A scale for all execution fees is introduced at the expense of the debtor in an execution procedure, which total amount may not exceed a certain percentage of the minimum wage. The total amount of execution fees shall not include fees related to the administration of complaints against bailiffs’ actions, as well as for the notification for joint creditors and for the joining. Where the total amount of the fees is reached and the creditor requests new execution actions, the fees are for his account and are not due by the debtor. For defending the debtor is also number of changes in the mechanisms of the orderly and execution proceedings, including for the period of voluntary performance. Electronic public auctions are regulated through a single on-line platform created and maintained by the Ministry of Justice.

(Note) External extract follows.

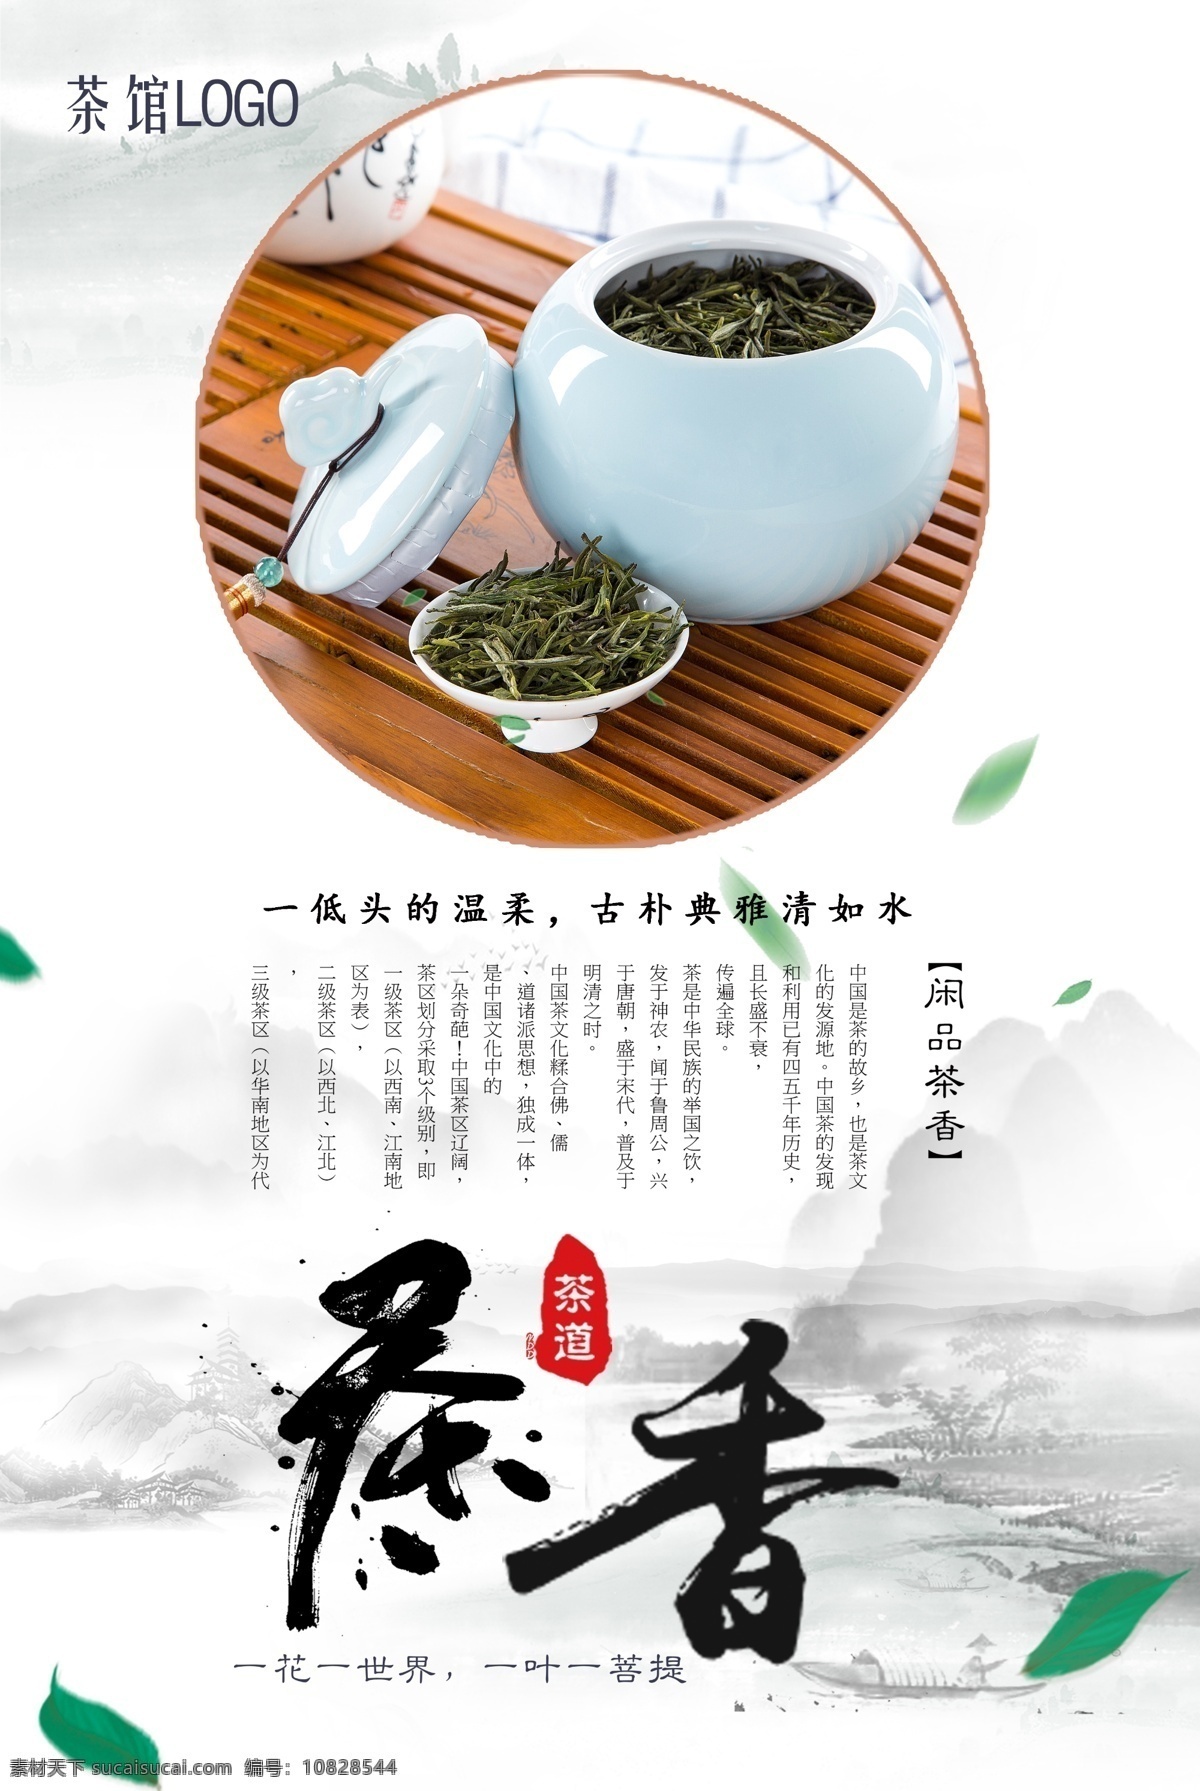 茶文化 海报 分层 中国茶文化 茶道 中华文化 传统文化 茶艺 春暖茶香 人生如茶 茶道人生 品茶 茶馆 茶社 茶韵 茶香

The scope of the optional cassation appeal is significantly expanded. Appeals before the Supreme Court of Cassation shall be subject to appeal, in which the court has ruled on a substantive or procedural issue, which has been: 1. resolved in contradiction with the mandatory practice of the Supreme Court of Cassation and the Supreme Court in interpretative decisions and rulings, as well as in contradiction with the practice of the Supreme Court of Cassation; 2. resolved in contradiction with acts of the Constitutional Court of the Republic of Bulgaria or of the Court of Justice of the European Union; 3. relevant to the correct application of the law as well as the development of legislation. Notwithstanding these prerequisites, an appeals decision shall be admitted to a cassation appeal in the case of a possible nullity or inadmissibility, and in the case of obvious irregularity. The decisions under Art. 290, para. 2 shall not be considered as mandatory law practice.